L’unica cosa che mi spaventava era proprio l’idea del viaggiare continuamente, ogni giorno, in autobus, e per un percorso di 20 km sola andata pieno di curve e strettoie. Non ho mai sofferto di mal d’auto ma pensavo che alla lunga potesse risultare pesante se non addirittura pericoloso. Ero ancora un ragazzino timido e timoroso e mi preoccupava anche il distacco dal mio ambiente, chissà cosa avrei trovato in quel paese a me sconosciuto, se e quando mi sarei ambientato. Ma la decisione era stata presa e senza neanche pensarci troppo, non ho mai pensato minimamente di iscrivermi al liceo classico, in testa avevo sempre e solo avuto lo scientifico.

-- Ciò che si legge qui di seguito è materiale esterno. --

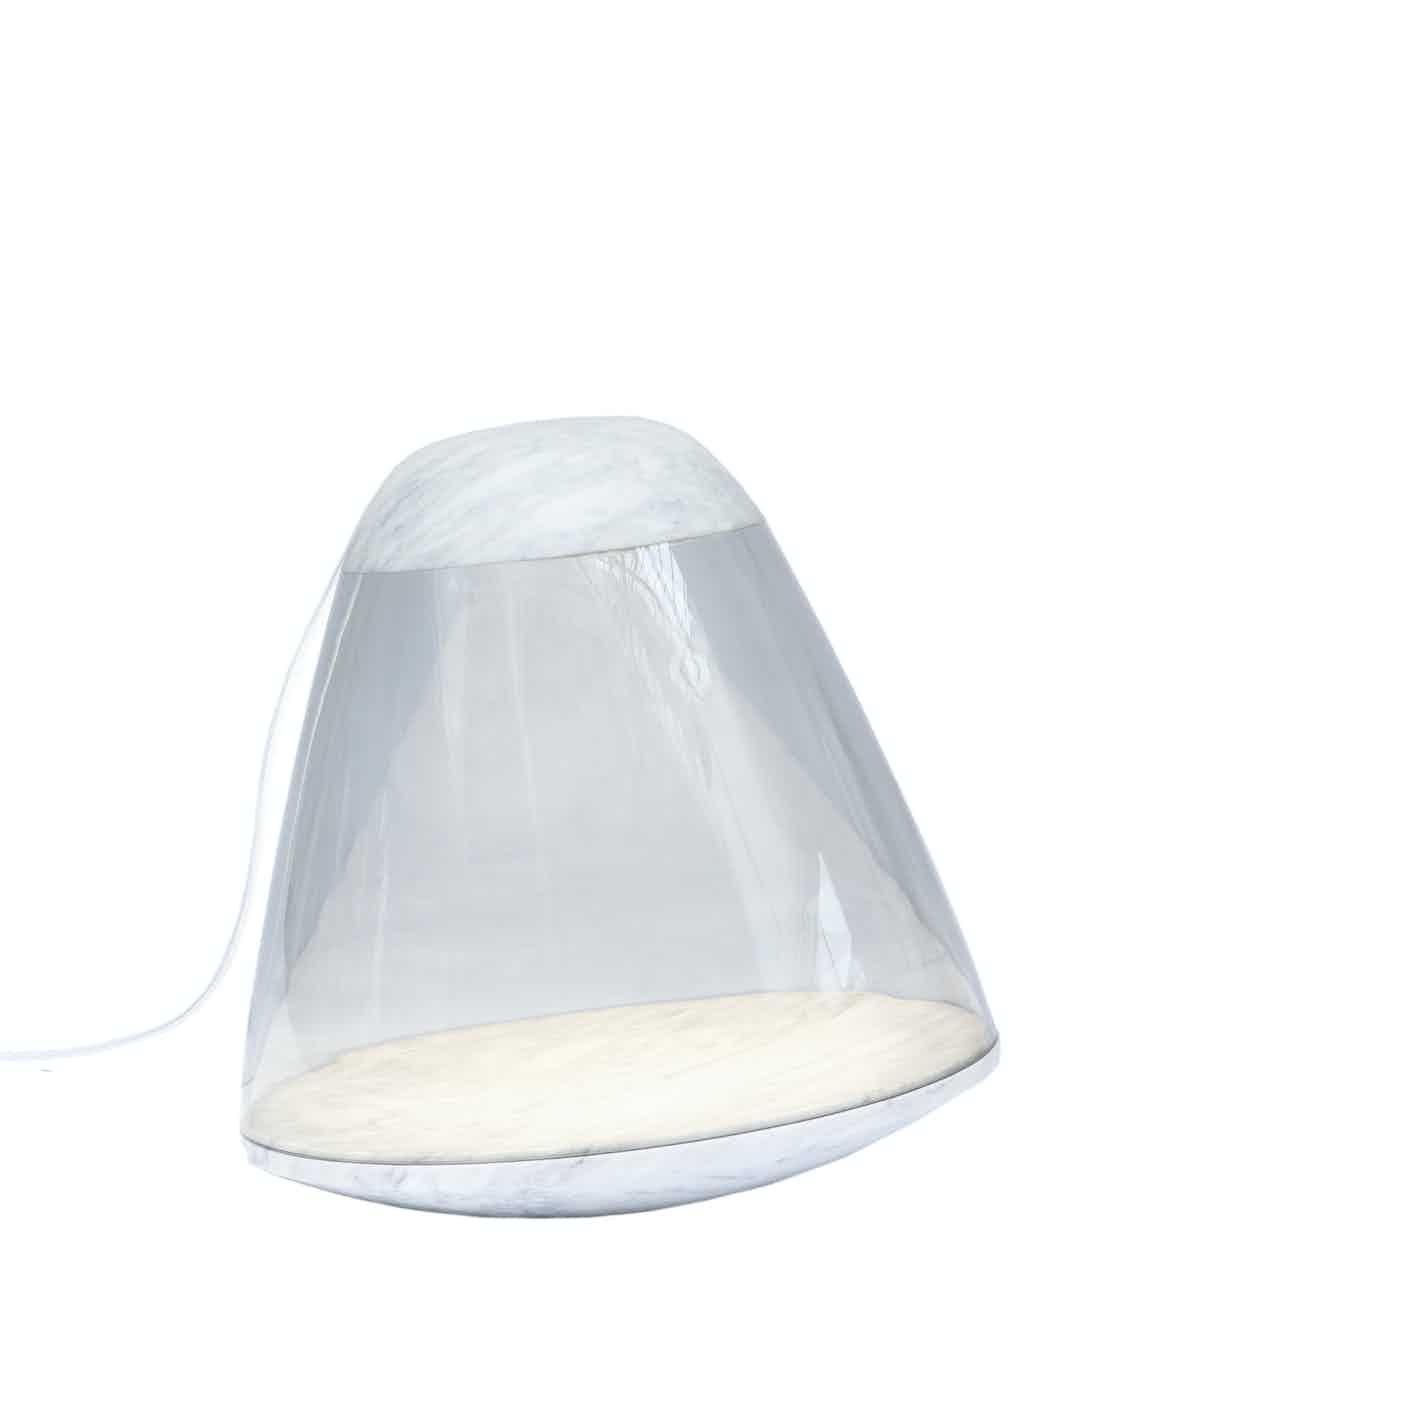 La-chance-furniture-apollo-floor-lamp-white-left-haute-living
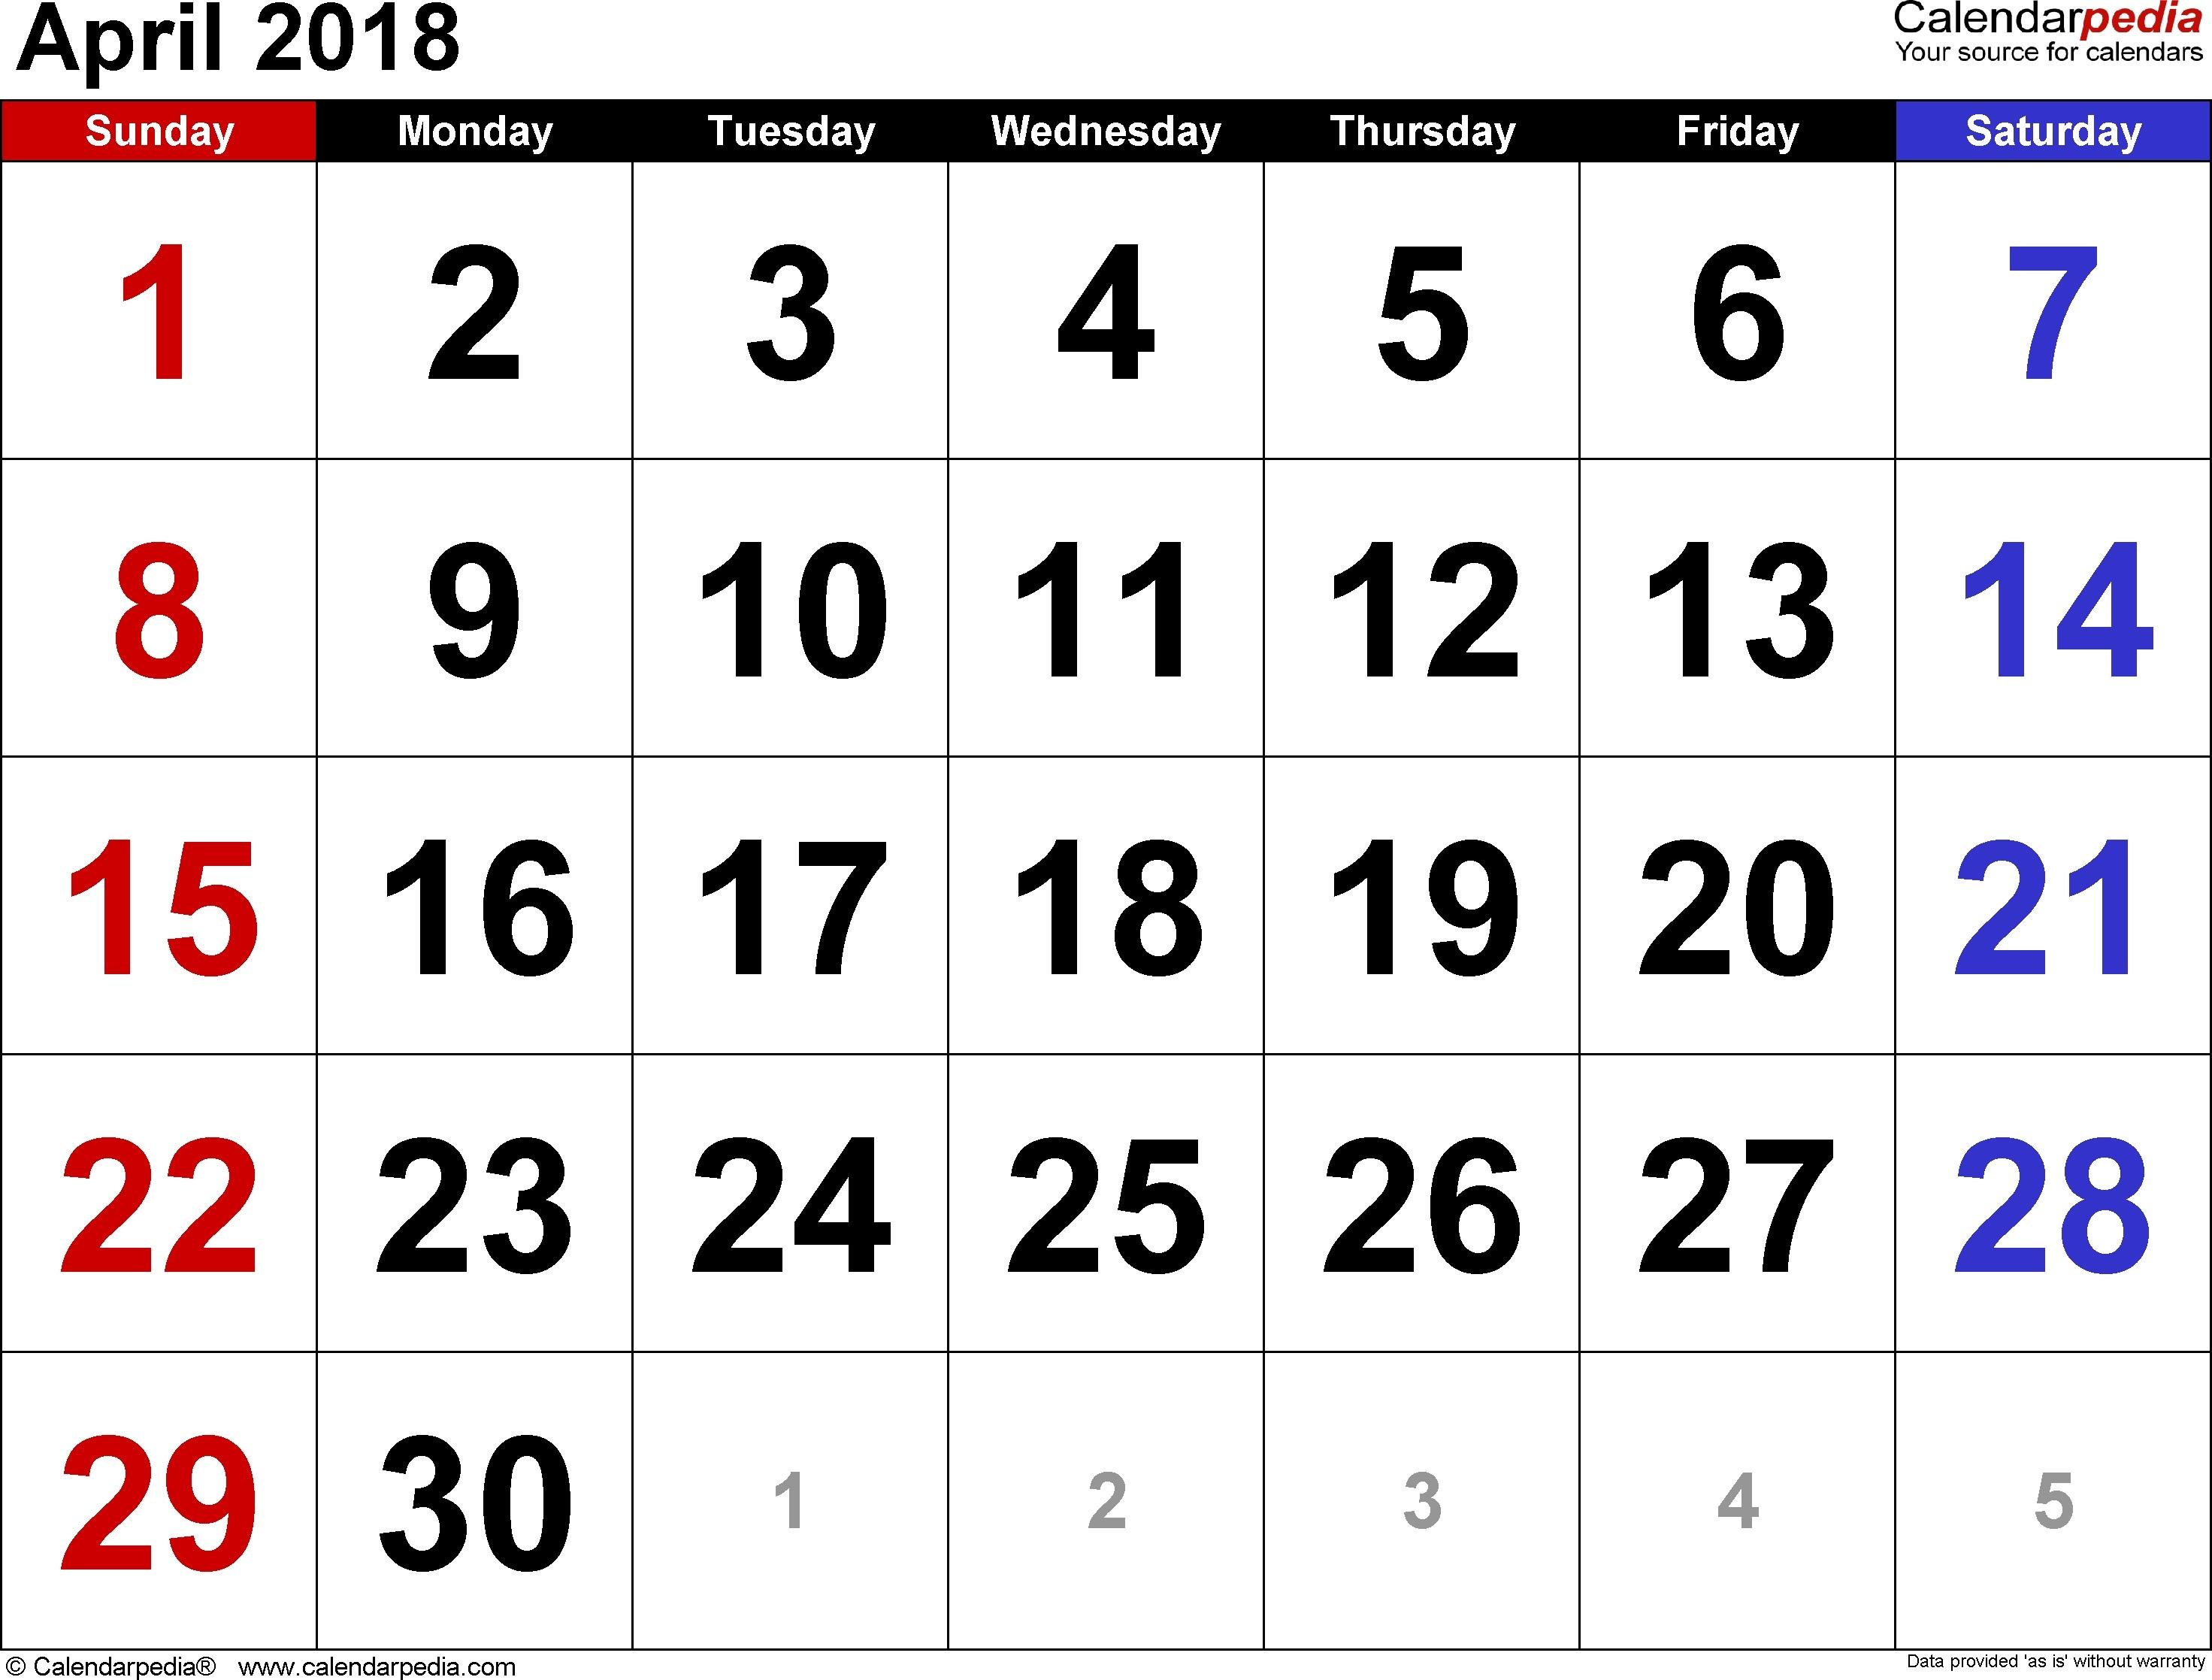 Calendar April 2018 Png - Calendar April PNG

Nella vita capita quasi quotidianamente di dover fare delle scelte, importanti o meno. Spesso dopo anni ci si guarda indietro per tirare le somme  pensando a quello che sarebbe potuto essere, e molte volte ci si rammarica di aver preso la decisione sbagliata. Una delle poche certezze della mia vita è che quella volta feci la scelta giusta, e fino ad oggi, dopo tanto tempo dalla fine di quei miei cinque anni di studio, non mi sono mai pentito né ho mai messo in discussione neanche per un momento la felice decisione di essermi iscritto in quel liceo scientifico, in quella cittadina di collina  a cui sono ormai indissolubilmente legato. Un posto che sento  quasi come casa mia, pieno di affetti e ricordi. Un luogo che mi ha fatto crescere,  che mi ha aperto ad una nuova fase dell’adolescenza, che mi ha dato una nuova mentalità, nuove idee, sicuramente migliori di quelle che avrei potuto assorbire restando a casa. Ma soprattutto un posto che mi ha fatto conoscere persone davvero speciali e vivere momenti indimenticabili. Persone e momenti che vi racconterò in questa rubrica.